Maar de opbrengsten van de voorgestelde belastingen mogen niet gebruikt worden voor bijstandsprogramma’s, zoals de regering-Modi in toenemende mate doet, met onbeschaamde branding van de premier erbovenop.
Wat het land echt nodig heeft, argumenteert Patnaik, is de financiering van een handvol sociaal-economische basisrechten (niet ‘gunsten’). Zoals het recht op voedsel, het recht op werk, het recht op gratis onderwijs, het recht op gratis gezondheidszorg en het recht op een waardig pensioen en op een vergoeding voor mensen met een handicap.

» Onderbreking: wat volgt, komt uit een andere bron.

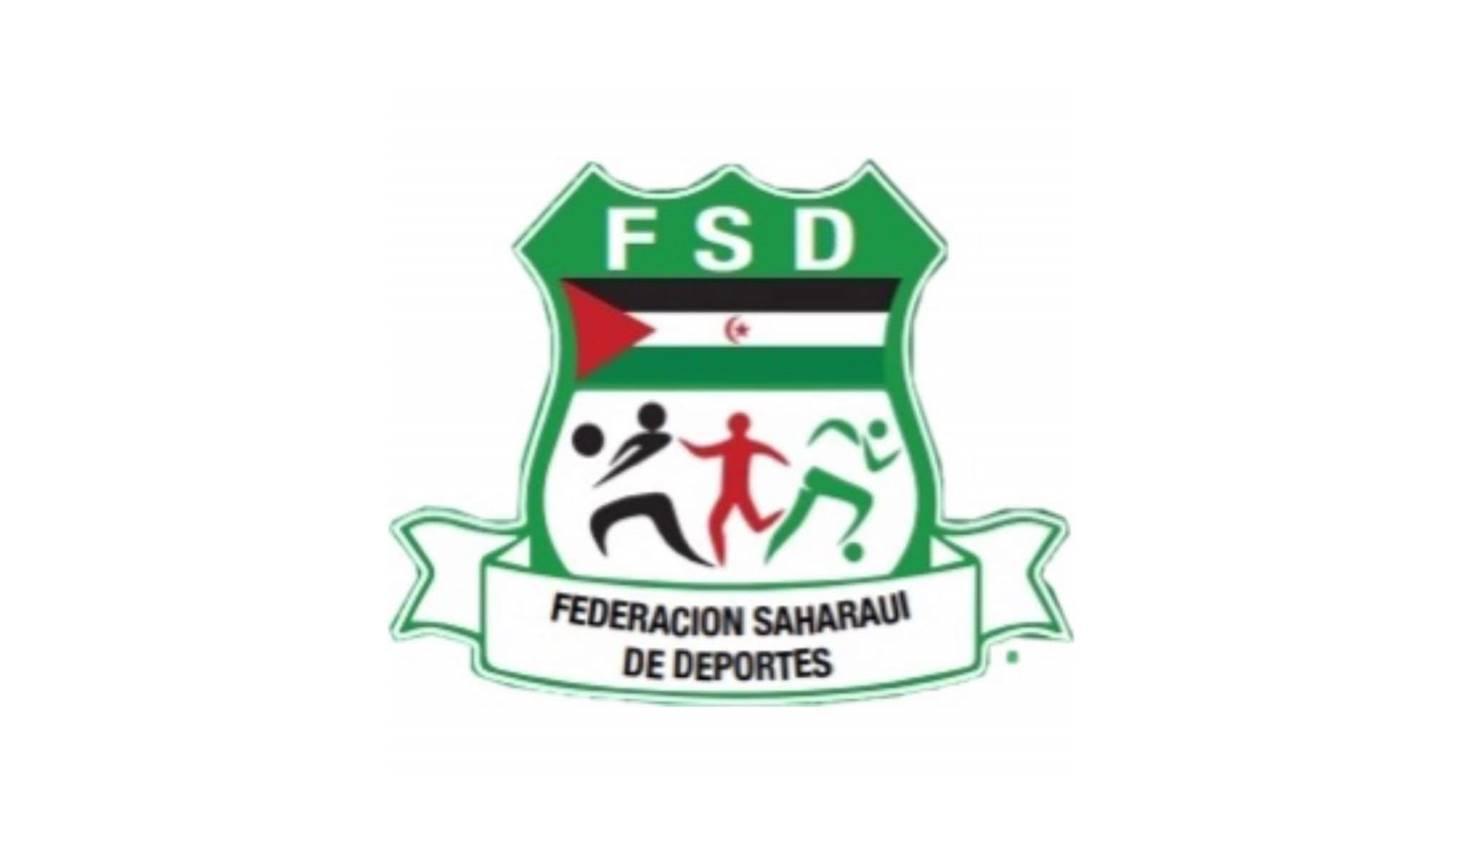 الإتحادية الصحراوية للرياضات تعلن دخول المنتخب الوطني لكرة القدم في معسكر تدريبي

Hoe groot is de kans dat die ongelijkheidscorrectie er op korte termijn komt? Niemand die ik onlangs sprak in India durft daar op te hopen, laat staan iets op te verwedden.
Toch zijn de meesten het wel eens met sociaal activist Harsh Mander, die zijn essay over ongelijkheid op The Indian Forum besluit met een vers uit een oud protestlied: Woh subah kabhi to aayegi, of: ‘Die ochtend komt er inderdaad ooit aan.’